EDIT: I think enum may require [Serializable] attribute - forgot!
@$$anonymous$$rLucid72 Interesting. This is something I've never done before but seems a good solution and powerful as well since as you said, it could support multiple parameters.
@Bunny83 Curious what you think of this solution.

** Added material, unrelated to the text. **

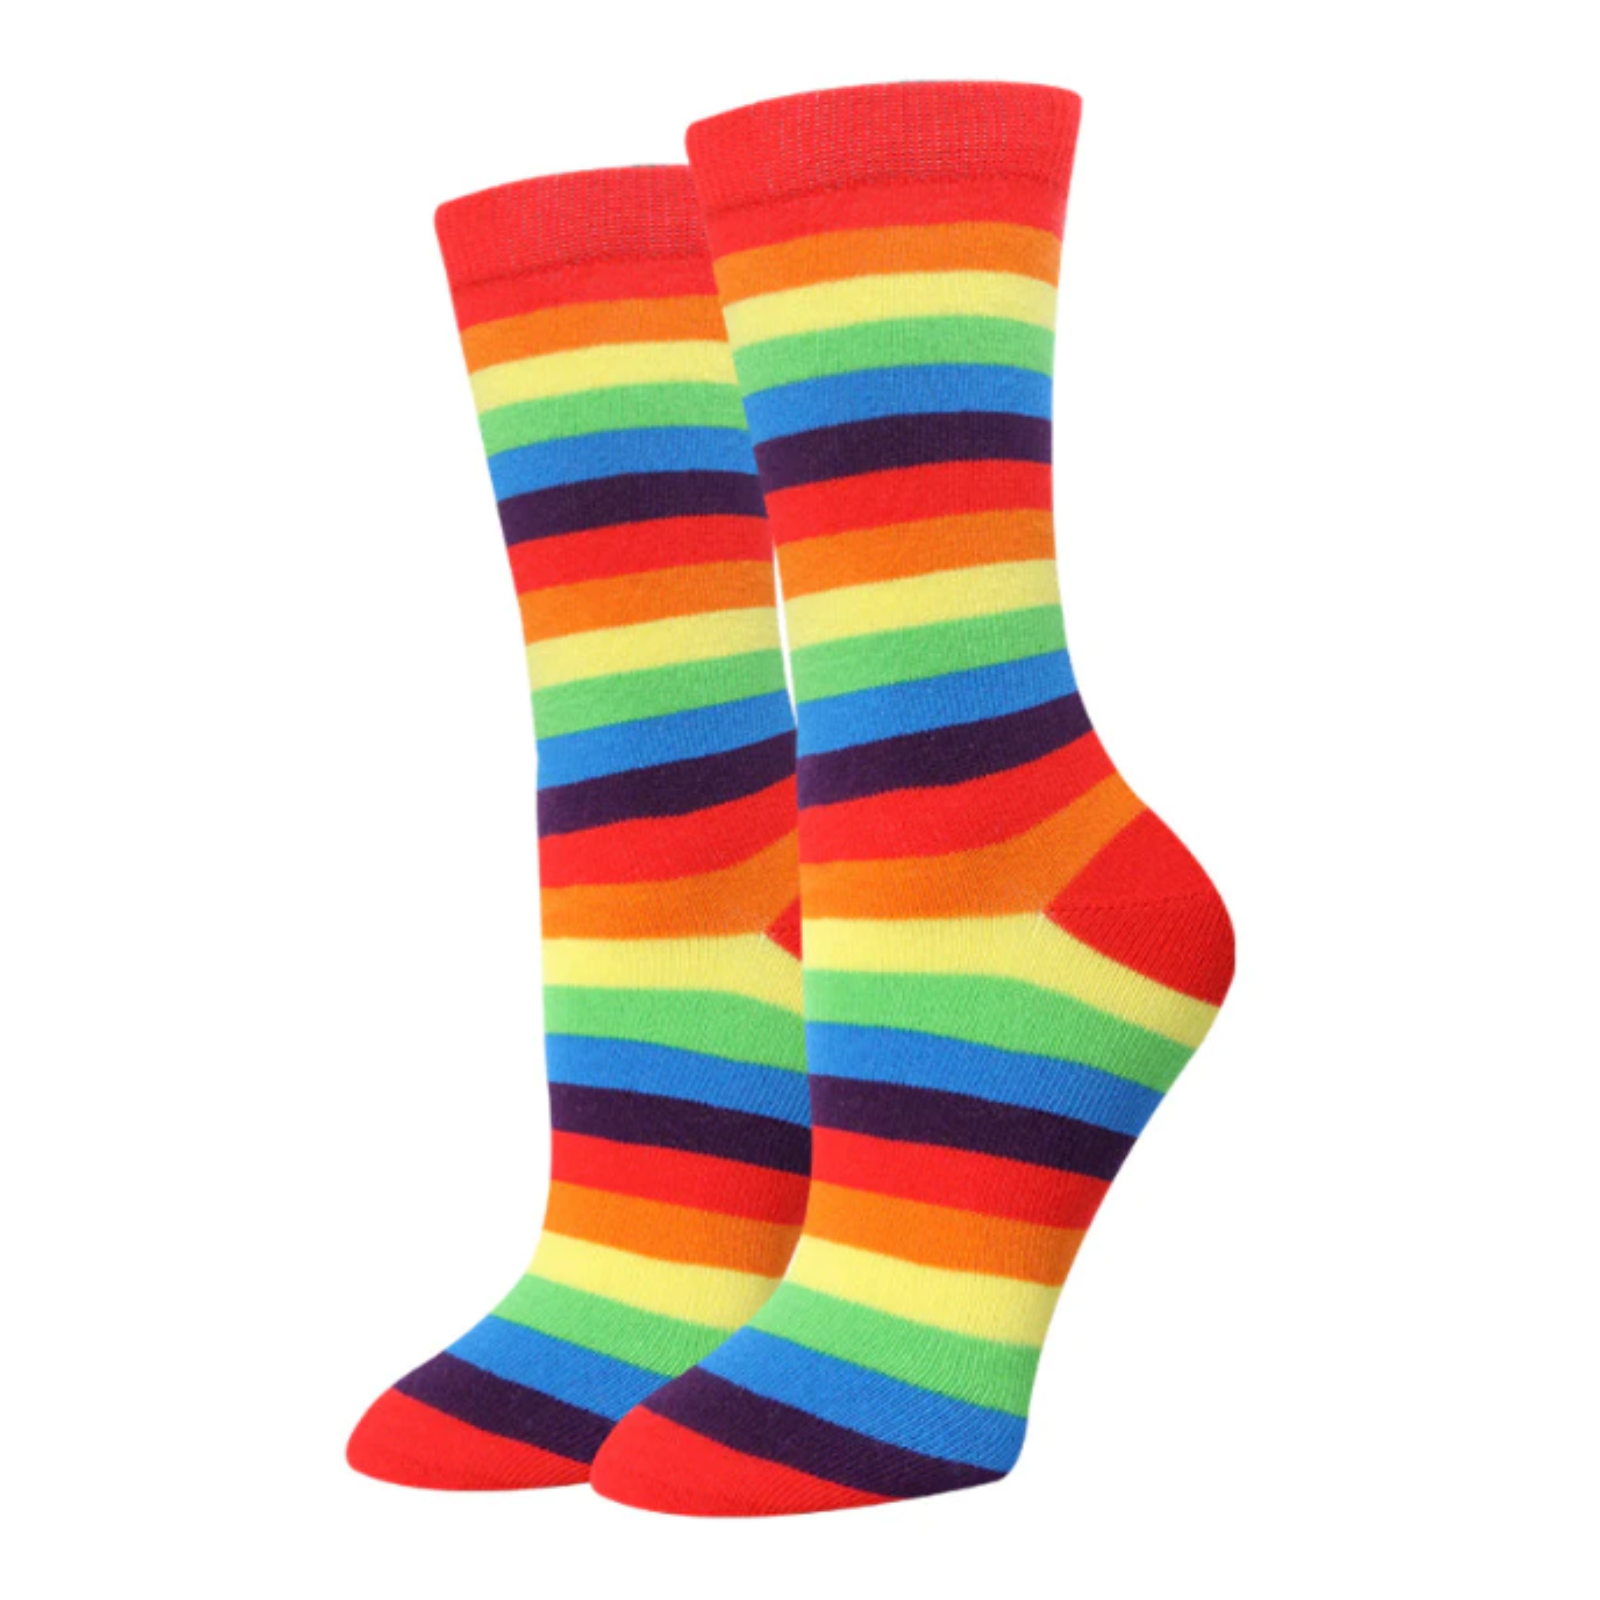 Sock Harbor Rainbow Stripe crew height women's sock featuring red cuff, toe, and heel

Just as and Example: For anybody that wondered how this converts to a switch statement, in my project I just created this as my component:
using UnityEngine;
public class PanelsComponent : $$anonymous$$onoBehaviour
{
public Panels Panels;
}
and this is the method OnClick() will trigger:
public void SelectPanel(PanelsComponent panel)
{
foreach (PanelGameObjects p in panelGameObjects)
{
p.Panel.SetActive(false);
}
switch (panel.Panels)
{
case Panels.$$anonymous$$apSettings:
panelGameObjects.Find(x => x.PanelType == Panels.$$anonymous$$apSettings).Panel.SetActive(true);
break;
case Panels.EmitterSettings:
panelGameObjects.Find(x => x.PanelType == Panels.EmitterSettings).Panel.SetActive(true);
break;
}
}
You can also use ScriptableObjects instead of $$anonymous$$onoBehaviors so you don’t have to add a component to any GameObject and it’s reusable.
Thanks, this is a cool solution to another episode of Unity's "How do I fuckup the most basic flows" specialty.

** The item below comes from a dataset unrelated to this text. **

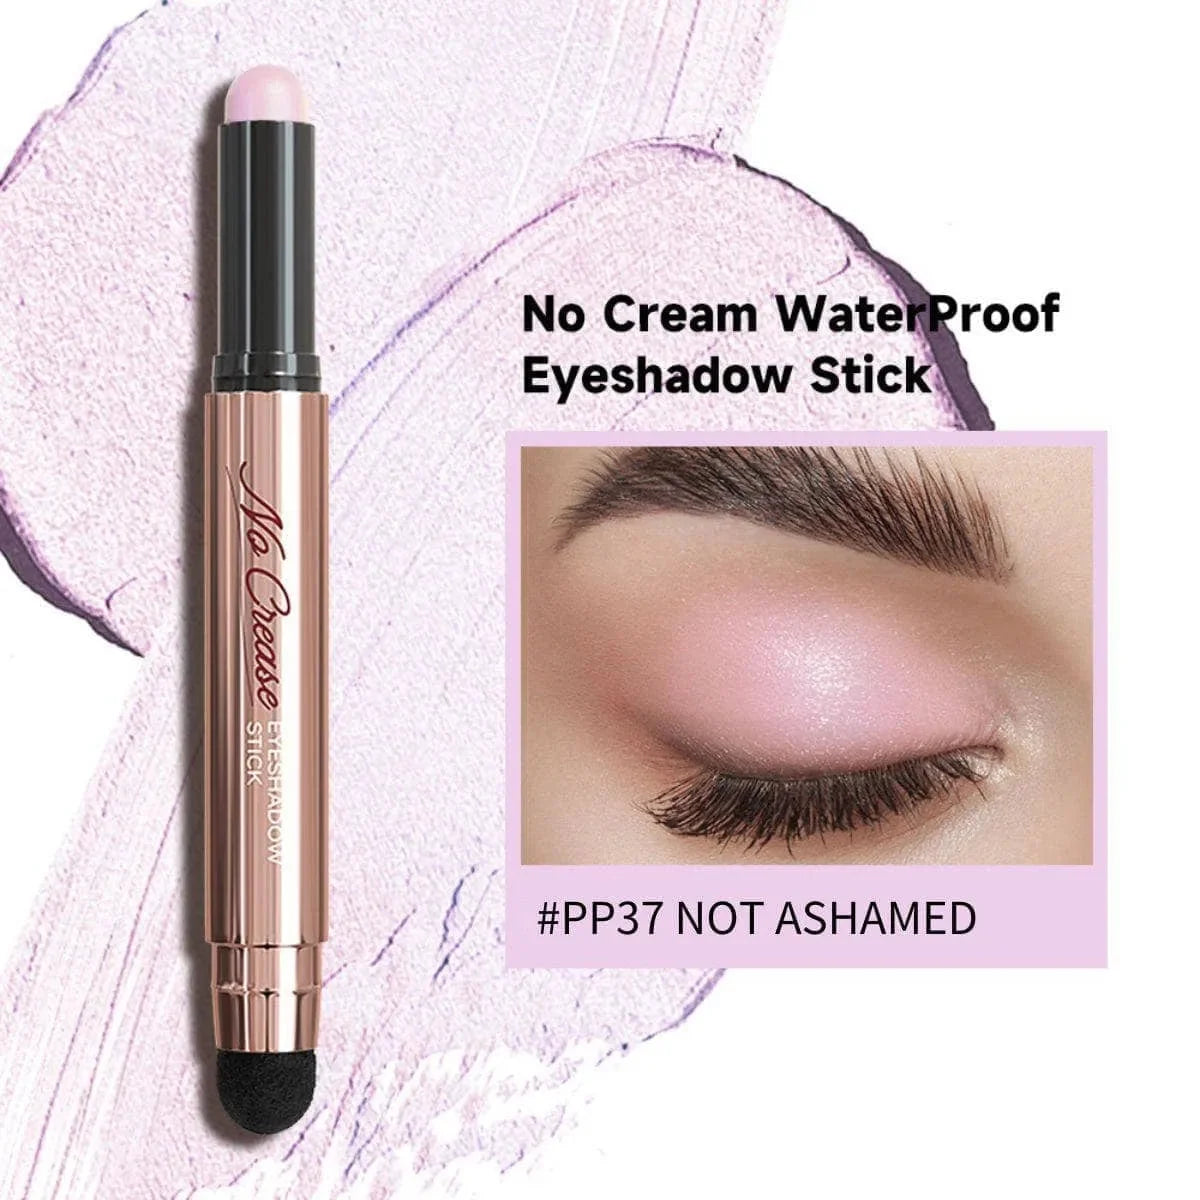 No Crease WaterProof Eyeshadow Stick

Answer by nathanlink169 · Sep 04, 2018 at 07:30 PM
Hey, enum values aren't supported in the On Click delegate. To my knowledge, only integers and booleans are.
One wonders how ScriptableObjects are supported, but not enums ?!
Because the ArgumentCache only has those concrete types:
Object m_ObjectArgument;
string m_ObjectArgumentAssemblyTypeName;
int m_IntArgument;
float m_FloatArgument;
string m_StringArgument;
bool m_BoolArgument;
Answer by Laaste · Aug 11, 2020 at 07:28 PM
Simplest way i figuredout is make method take string and try parse it
public enum YourEnum { yourOption1, yourOption2 }
public class YourClass : MonoBehaviour { private YourEnum enumState;
public void SetEnum(string newState)
{
enumState = (YourEnum)Enum.Parse(typeof(YourEnum), newState);
}
}
Answer by Hex0dus · Jun 22, 2020 at 07:00 AM
I think that this question is worth to be answered because enums can be very useful in some cases. Certainly it's better then to just use a string as param and then make a typo that causes problems. This is the way I do it:
using UnityEngine;
public class MenuInvoker : MonoBehaviour
{
private enum State { Main, Settings };
[SerializeReference] private State state;
public void InvokeMenu(MenuInvoker currState)
{
switch (currState.state)
{
case State.Main:
Debug.Log("Main");
break;
case State.Settings:
Debug.Log("Settings");
break;
default:
Debug.Log("Default Menu");
break;
}
}
}
How would you use that? Add a script, then reference the script?